Oliver Letwin

Housing report recommends new planning rules for larger sites



An independent review has claimed that a new set of planning rules should be introduced for sites with more than 1,500 homes to speed up the property-building process.


The report by Oliver Letwin MP stated that these new rules would require developers to build a wider range of properties with different designs and tenures to speed up build-out rates.

In his interim report, Letwin said he could not find “any evidence” that major developers were “holding land as a purely speculative activity” and their business models instead rely on the sale of homes.

Instead, he found that having too many identical properties on large sites – and the limits on how quickly these could be sold – was the fundamental reason behind the slow build-out rate.
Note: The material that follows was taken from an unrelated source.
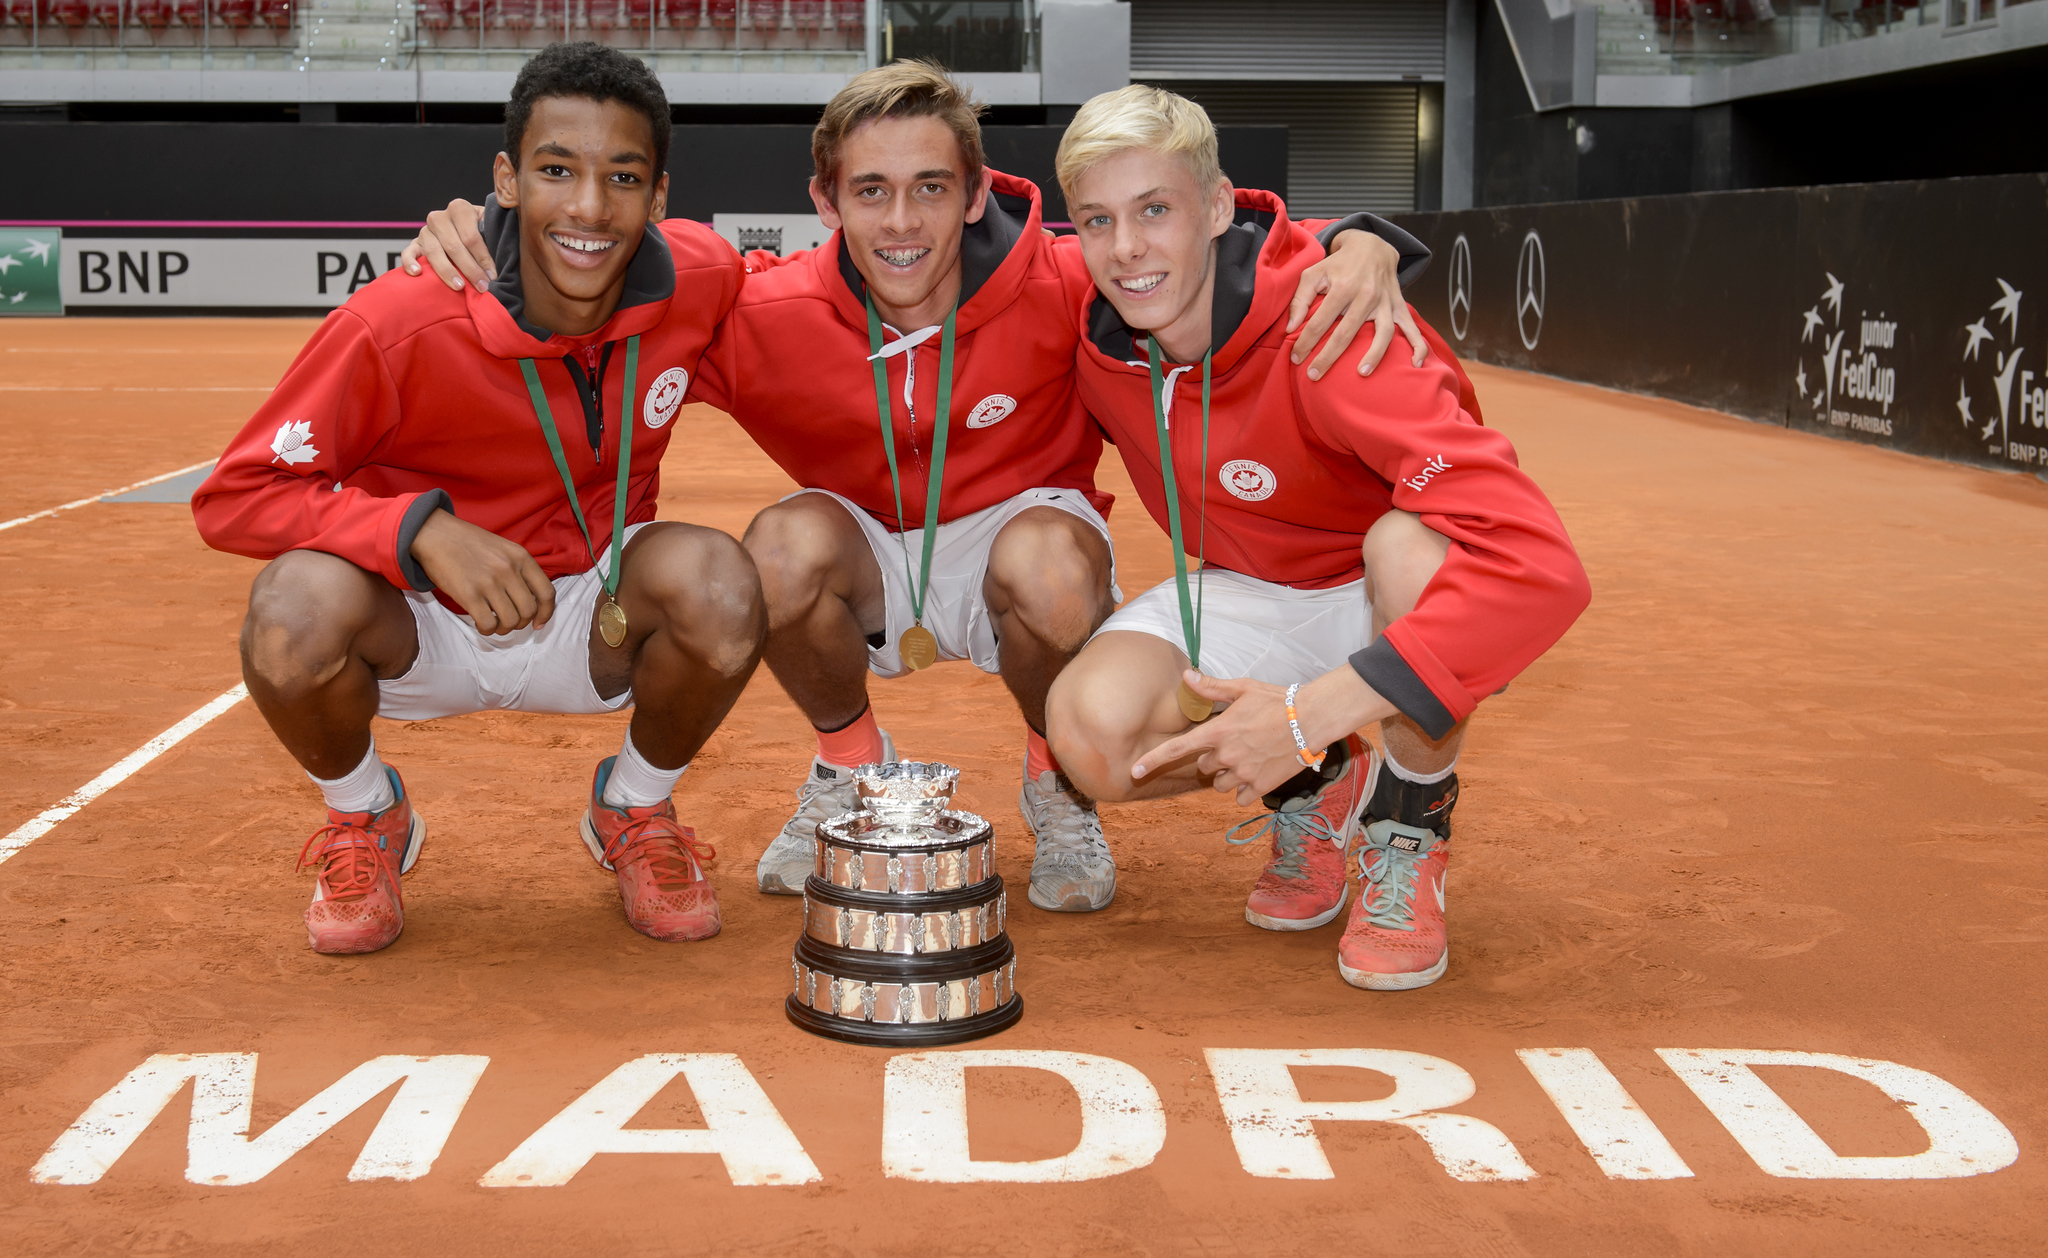 Aliassime's Canada beat Australia to win their first Davis Cup

The government has said that it will now consider the report into the build-out rate of large sites before deciding on the next steps.

The report calls for:

  • new planning rules which require homebuilders to offer a range of different types of properties on big sites, so they can be completed more quickly without “flooding” the market with a large number of identical properties
  • a new national expert committee to be set up to advise councils on the different types of properties that should be offered on large sites; they would also handle appeals where there is a dispute between developers and local authorities
  • incentives for homebuilders to change plans for existing sites so they start offering a variety of property types immediately
  • councils to be given a more muscular role in guiding major homebuilding projects – and the power to purchase undeveloped land for 10 times its existing use value; this would make it viable for more affordable housing to be built

“I found that the main reason developers are slow to complete building on large sites is that there is only a limited demand each year for the highly uniform properties they are building on those sites,” said Letwin.

“My final report sets out some policy levers that government can use to increase the variety of homes on sites, so they can be built out more quickly.”